Monday, October 21, 2019

Why Baltimore County needs to pass the HOME bill

Right on the heels of a week in which the passing of congressman Elijah Cummings put the spotlight on his civil rights and social justice legacy, Baltimore County will stand at the crossroads of an important housing anti discrimination law.  A portion of Baltimore County sits in Cummings' district. There is no doubt where the late congressman stood when it came to fair and affordable housing and equity. For example, H.R. 1737, the American Housing and Economic Mobility Act of 2019 intended told help provide people with access to affordable housing, lift them out of poverty, and begin to create generational cycles of wealth, is cosponsored by Cummings. The bill that also addresses vouchers and access limitations is still before Congress.
Fair Housing remains elusive, 51 years after the Fair Housing Act of 1968

County Executive Johnny Olsziewksi initiated County Bill 49-19, dubbed the HOME act. The bill, which was introduced by Council Chair Tom Quirk on the Exec's behalf , aims to end landlord discrimination against housing voucher holders. The bill stipulates under the title "Property values; change in nature of neighborhood":
 Whether the person is acting  for monetary gain or not, a person may not engage in discrimination by representing that the existing or potential proximity of real property owned, used, or occupied by persons of a  particular race, creed, religion, physical or mental disability, color, sex, national origin, age,  sexual orientation, gender identity or expression, status as a veteran, SOURCE OF INCOME, or marital status will or may result in: (1) The lowering of property values; (2) A change in the racial, religious, or ethnic character of the block, neighborhood, or area in which the property is located; or (3) A decline in quality of the schools and institutions serving the area.
A second run for a Housing Non Discrimination bill in
Baltimore County
Preventing discrimination against housing voucher holders seems a simple enough goal in 2019, but not obvious enough that not several  County Council members already registered opposition.

The bill will be heard in a public County Council "Work Session" on 10-29-19. At this point, it is entirely unclear whether the bill has a chance to pass. A similar bill introduced under Kevin Kamenetz did was defeated with only one yes vote. The Citizen Planning and Housing Association (CPHA) explains the matter of vouchers on their website:
Formerly known as Section 8 Vouchers, the Housing Choice Voucher program is a federal program developed in the 1970s.
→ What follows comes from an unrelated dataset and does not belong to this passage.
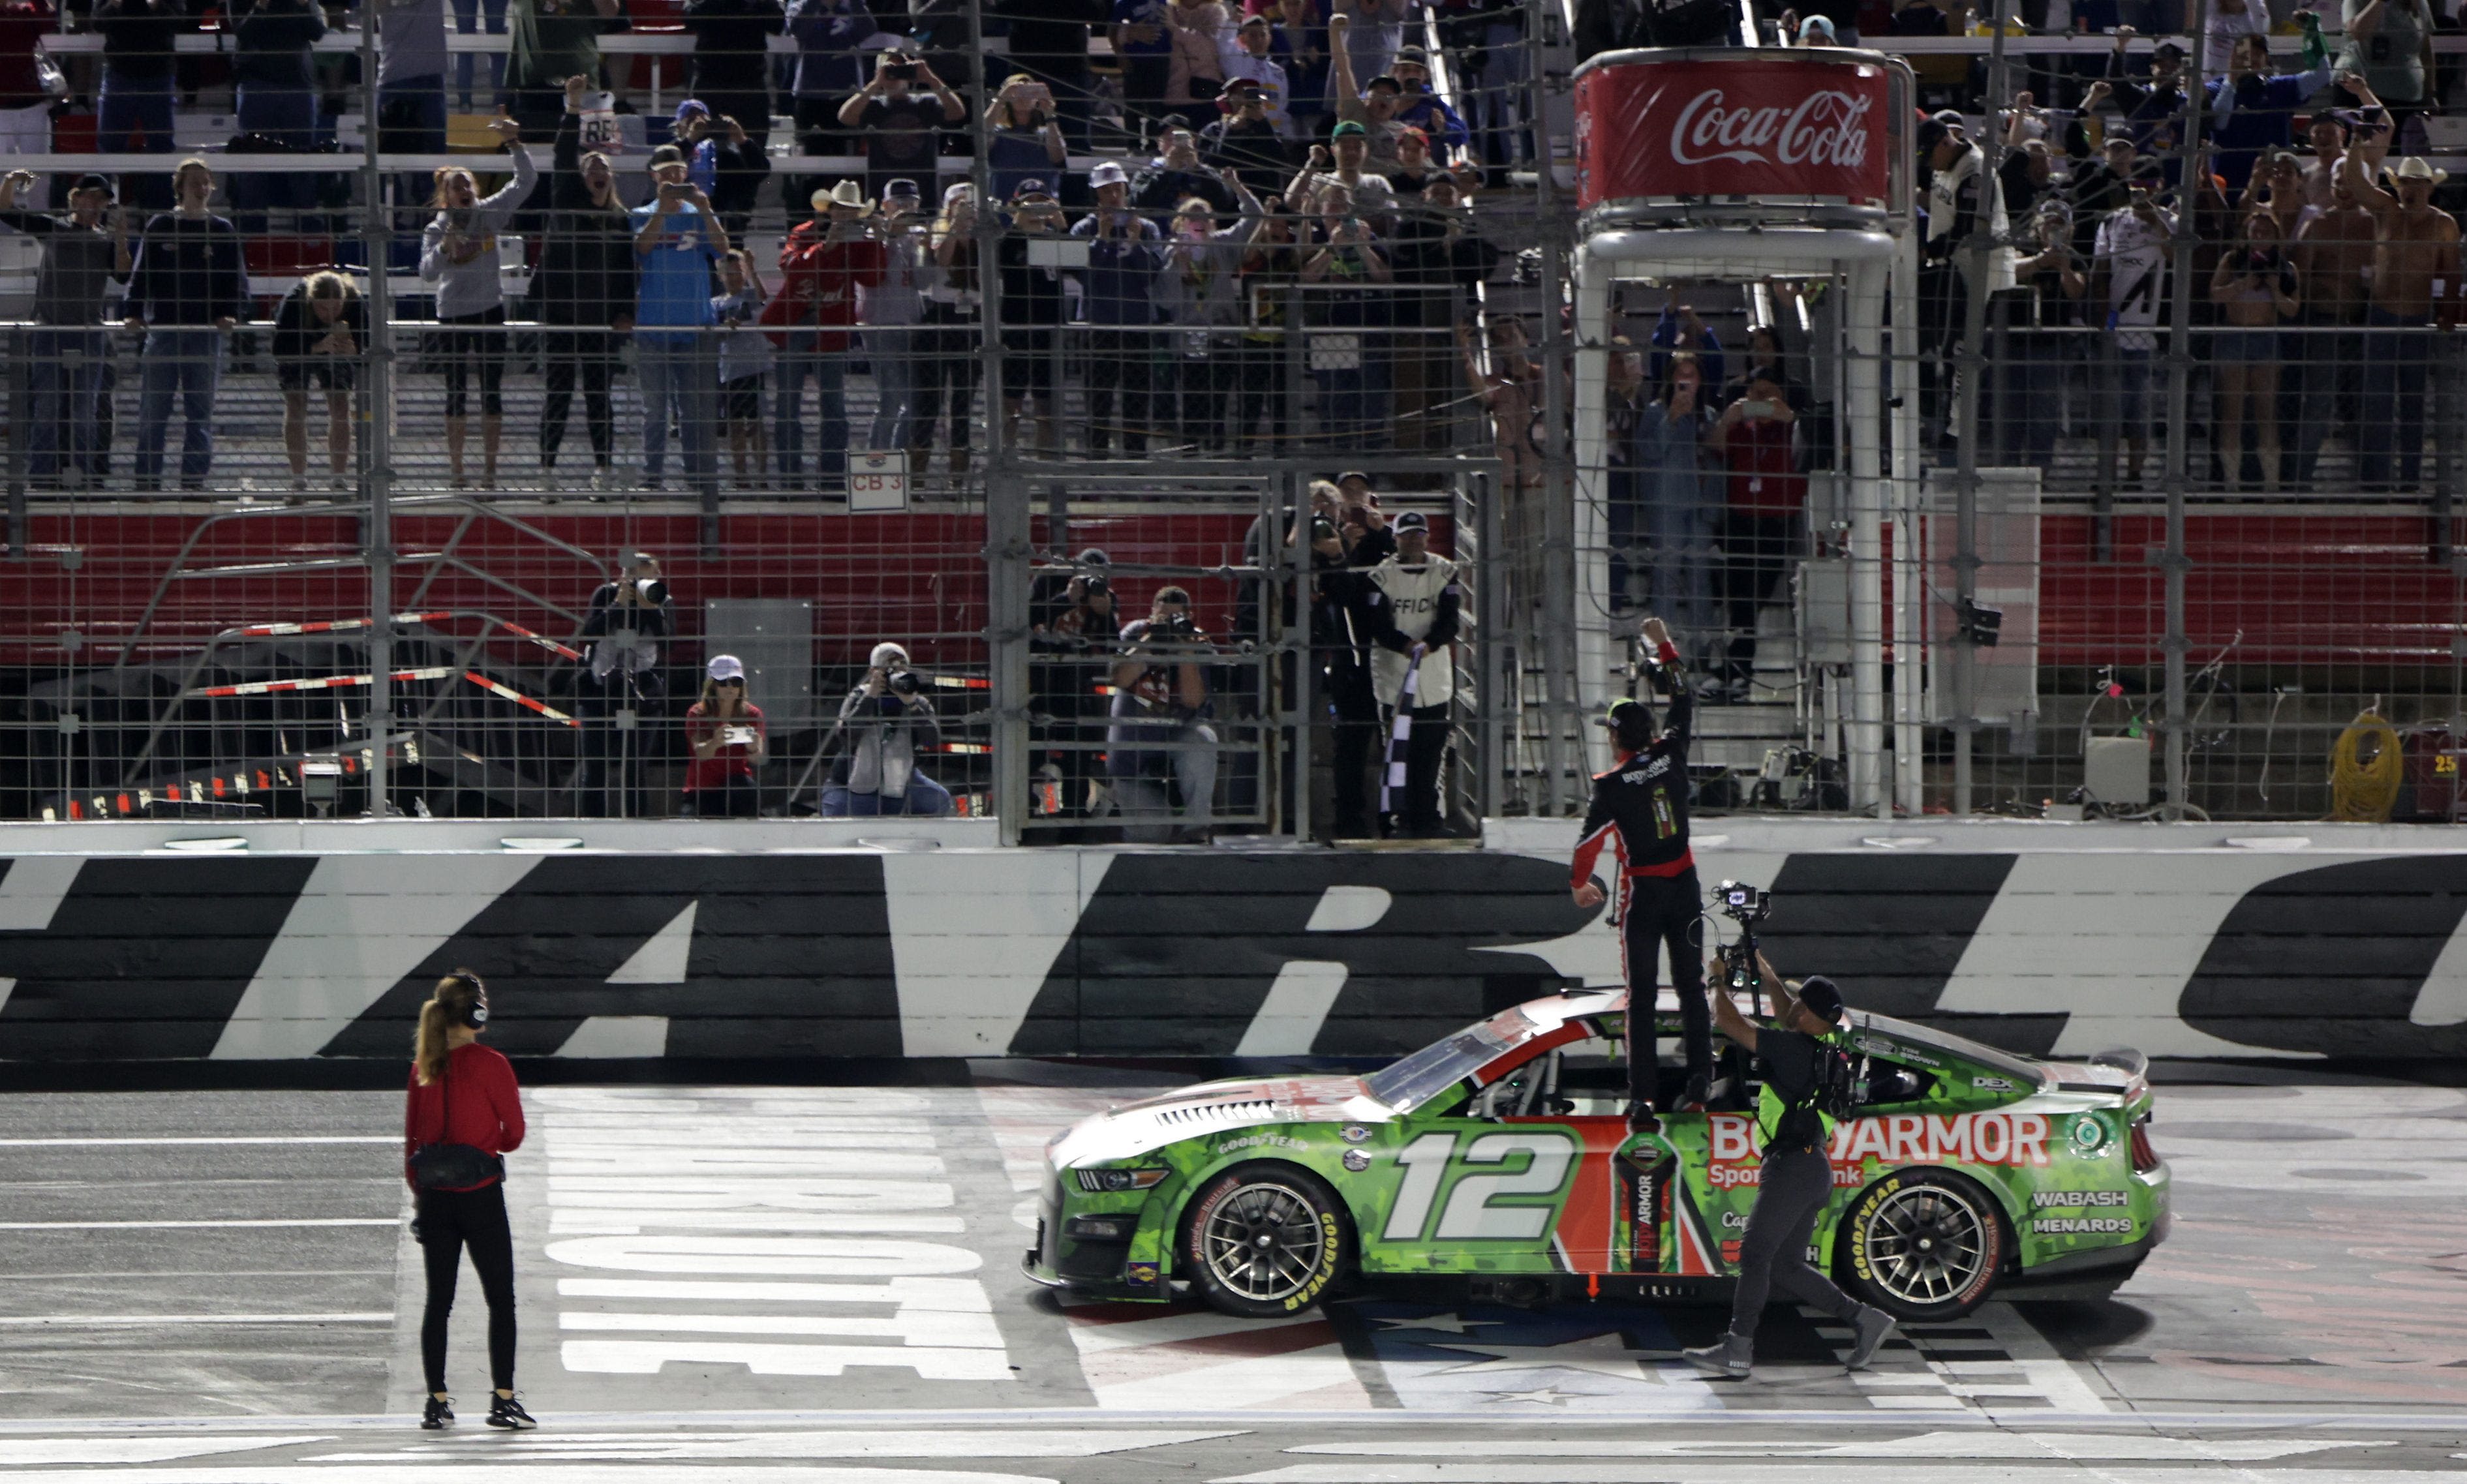 NASCAR best bets include a free-money top 5 and a long look at team, manufacturer odds at Charlotte

They are distributed to low income individuals and families who qualify by local housing authorities. Many times recipients do not receive their voucher until they have been on the waiting list for a very long time. In Baltimore County, the average wait time for a voucher is nine years. A voucher can only be used in the jurisdiction it is issued in.

Add caption
 After recipients are awarded their voucher, they may take it to any property that accepts it and charges the amount of rent that is within the guidelines set by the Department of Housing and Urban Development (HUD). The voucher does not necessarily pay for all of their rent. Recipients are required to pay 30% of their income towards the rent. Those portions of the rent not paid by the tenant are paid by the local housing authority with funds provided by HUD to the landlord through direct deposit. The only requirement for landlords is that they pass a basic housing inspection in order to receive payment.
Problem is, many landlords tell potential renters flat-out that they don't accept vouchers. Because this kind of discrimination is so common, the federal government’s largest housing program for the poor doesn’t work like it should. Families with vouchers designed for the private market find much of the private market closed to them. A policy that was supposed to disperse the concentrated poverty of public housing projects now creates new concentrated poverty in private apartments and in neighborhoods where certain landlords have specialized in voucher tenants.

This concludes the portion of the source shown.